Do you find it interesting that there are so many similarities in their respective positions? As a dealer or general manager, do you spend about the same amount of your time working with these people? You should. Do you allocate about the same dollars in marketing and advertising support for each of these managers? I already know the answer to that one. Maybe you should consider re-allocating some of your advertising and marketing dollars spent on the front-end to the back-end. Why, you ask? Well, let’s do the math and see why.
As I’m writing this article, I’m looking at a financial statement from a very profitable dealer who “gets it” when it comes to focusing on service absorption and holding his service team accountable for their performance, just like he does with his sales team. Here are the results: He is averaging 115 retail units per month (new and used) at an average gross profit PRU of $2,058, which equals $235,660 in total departmental gross profit for the sales team.
His service and parts team produce an average of $246,721 per month in total departmental gross profit which, based on his average PRU of $2,058, is the equivalent of selling 120 units per month. I did not include the additional $85,000 in gross profit per month from his body shop, which is the equivalent of an additional 41 units per month.

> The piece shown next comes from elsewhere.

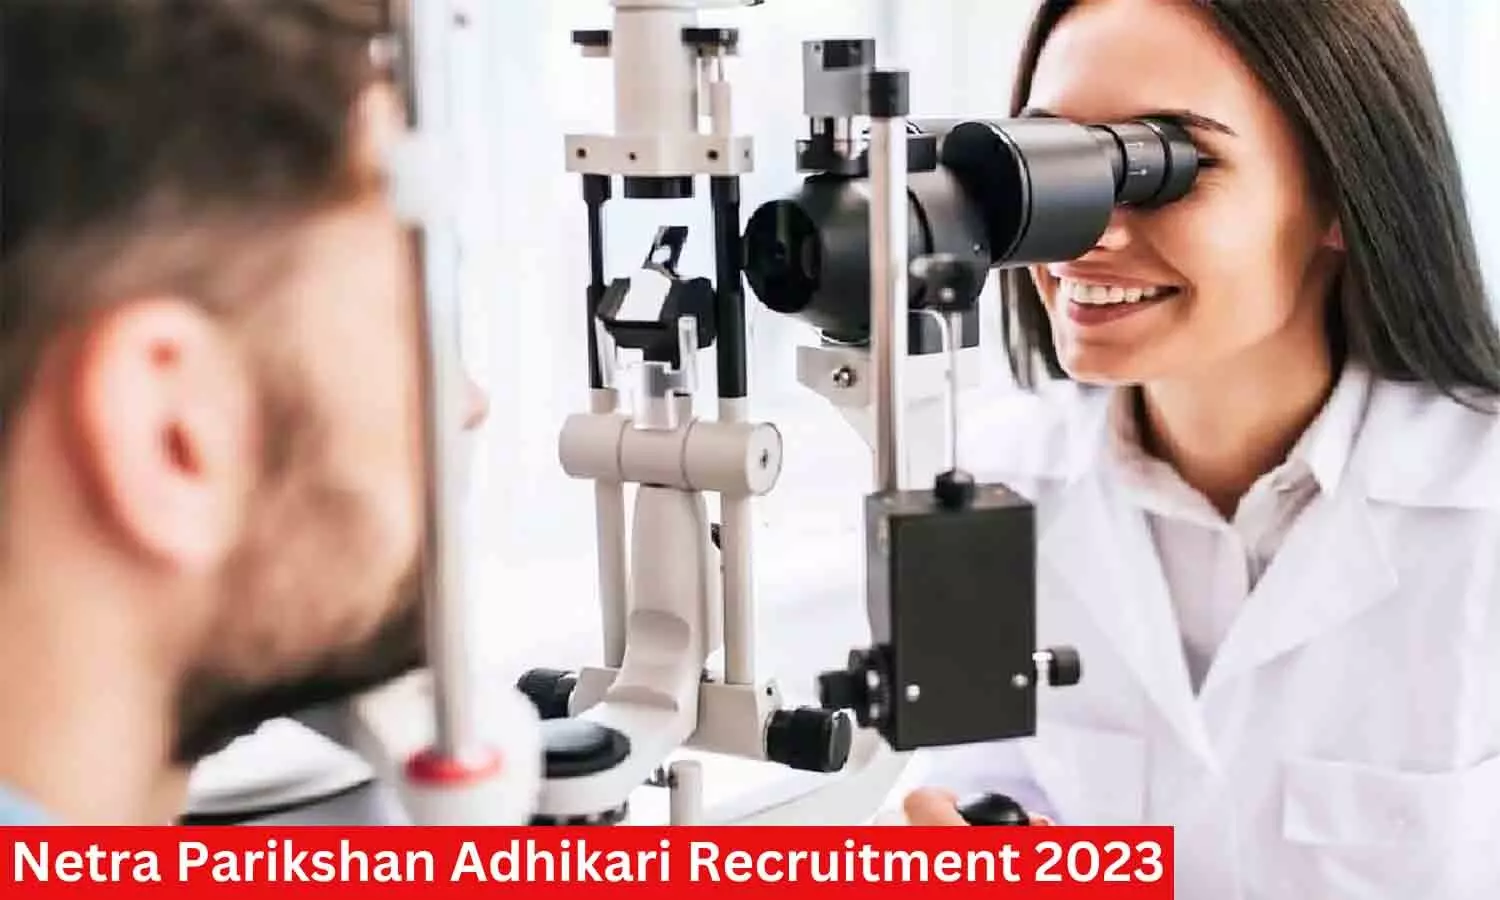 Netra Parikshan Adhikari Recruitment 2023: नेत्र परीक्षण अधिकारी पदों के लिए निकली वैकेंसी, यहां पर देखें भर्ती से संबंधित जानकारियां

I mentioned marketing and advertising earlier, so let’s look at this dealer’s advertising allocation. He’s not that good of an example for making my point because he spends 80 percent of his ad budget (about $25,000 a month) in sales advertising, and only about 20 percent in fixed operations. But wait, he redeemed himself a bit by spending 90 percent of his training budget (about $23,000 a month) in fixed operations training, and only 10 percent in the sales department.

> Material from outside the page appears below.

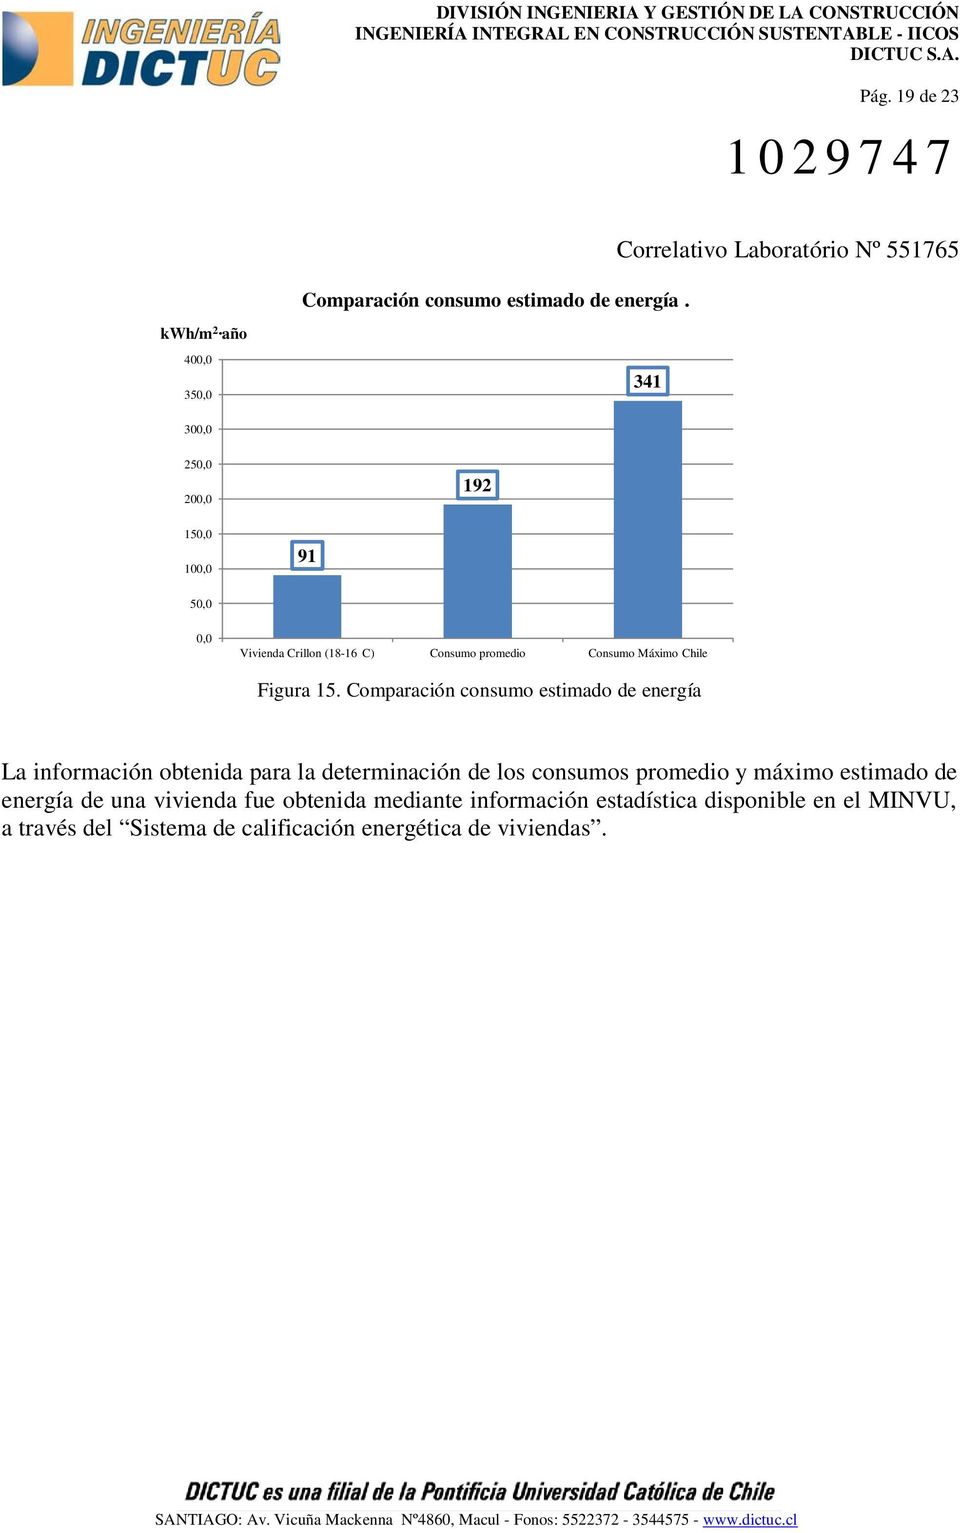 Consumo Máximo Chile Figura 15.

You’re probably thinking “this guy is nuts.” He’s spending almost as much on training, as he is on advertising—how does that make any sense? In my world, it’s called 106 percent service absorption, and making a net profit of about $2 million a year, plus a nice salary and a dynamite boat. I wonder what would happen if he would just allocate another 10 percent of his advertising budget on fixed operations? I’ll let you do the math.

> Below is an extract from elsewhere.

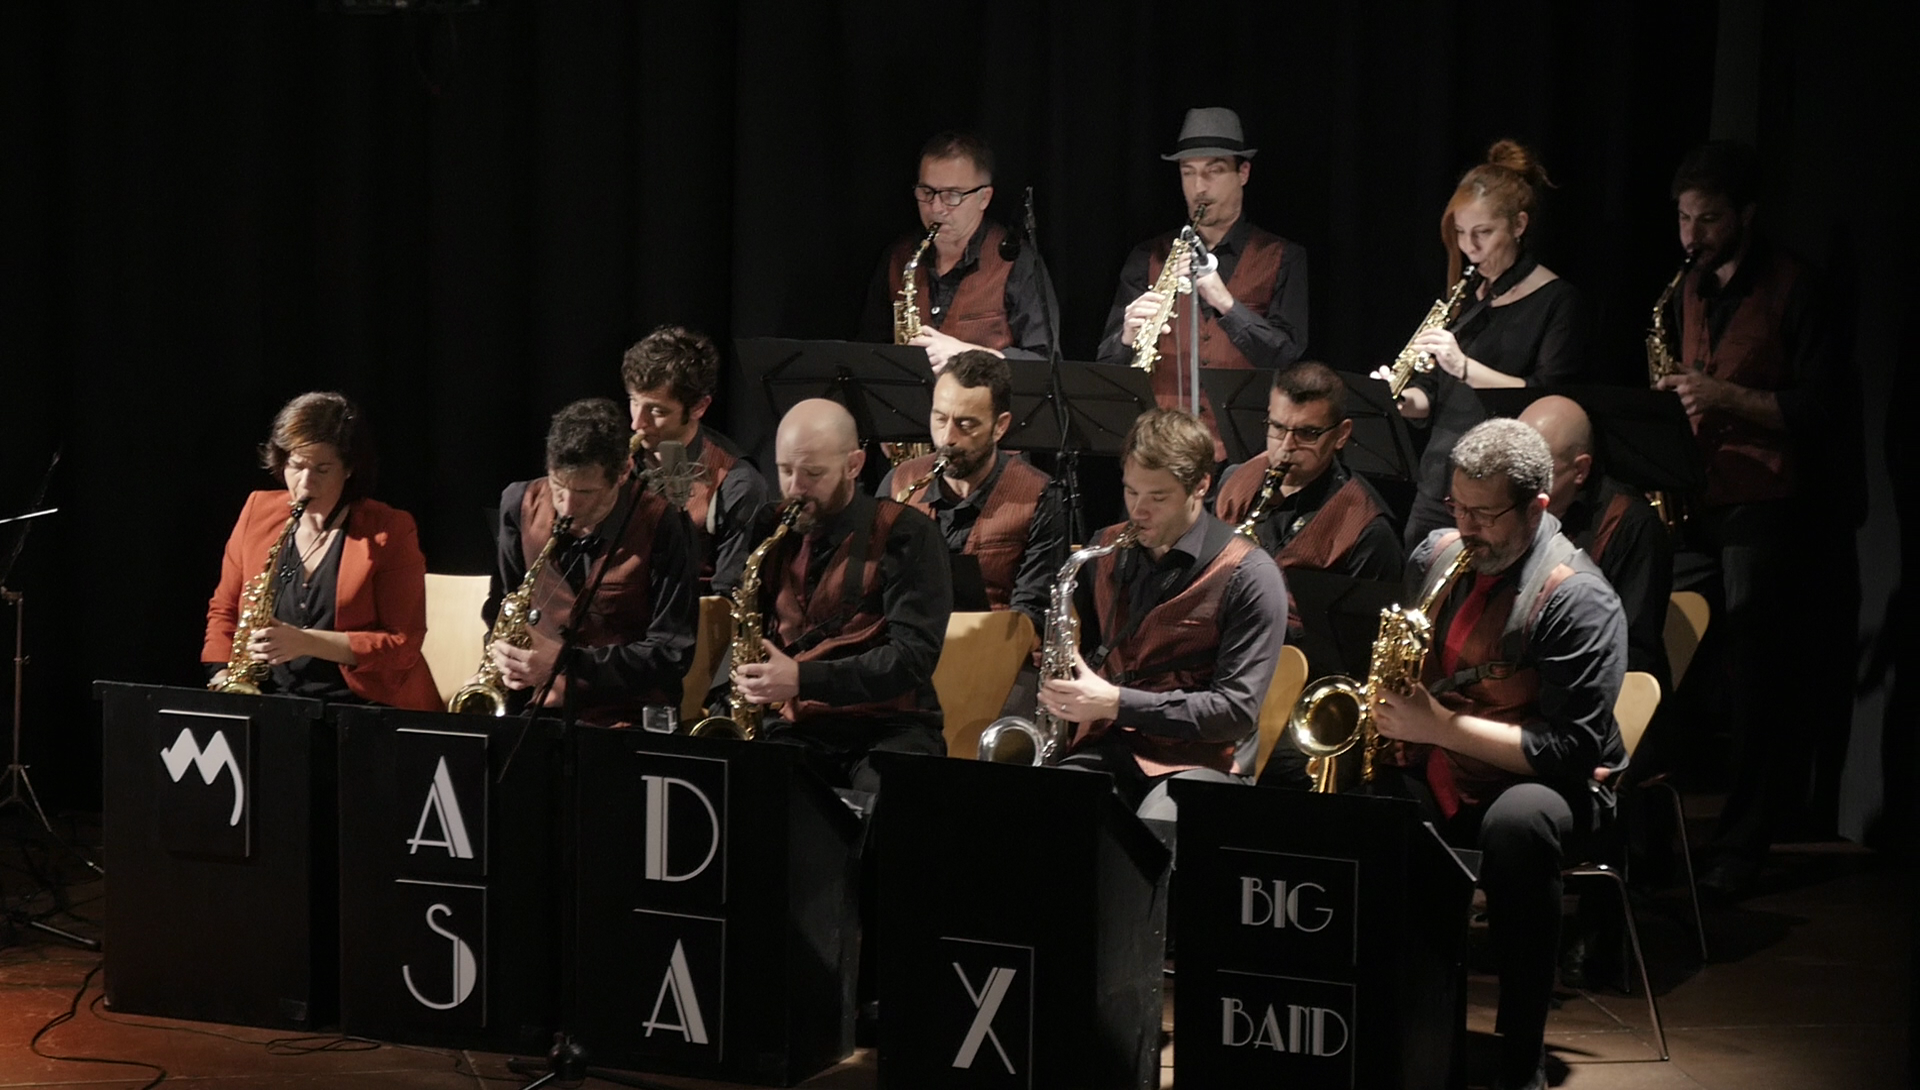 Mad Sax Big Band Vientos

Now, you can see what my point is, right? Give your service director the support and attention that he or she needs (including training) to become a top performer. Measure their performance and hold them accountable for it daily, just like you would the general sales manager. You just might see your service absorption start to climb towards 100 percent.
This strategy will aid in making your dealership recession-proof. It doesn’t matter what the price of gasoline is or what the interest rates are because there will always be opportunities for improvement in dealing with the retail service customer. Your service director must be the leader for your service team. Starting today, you might want to get serious about service.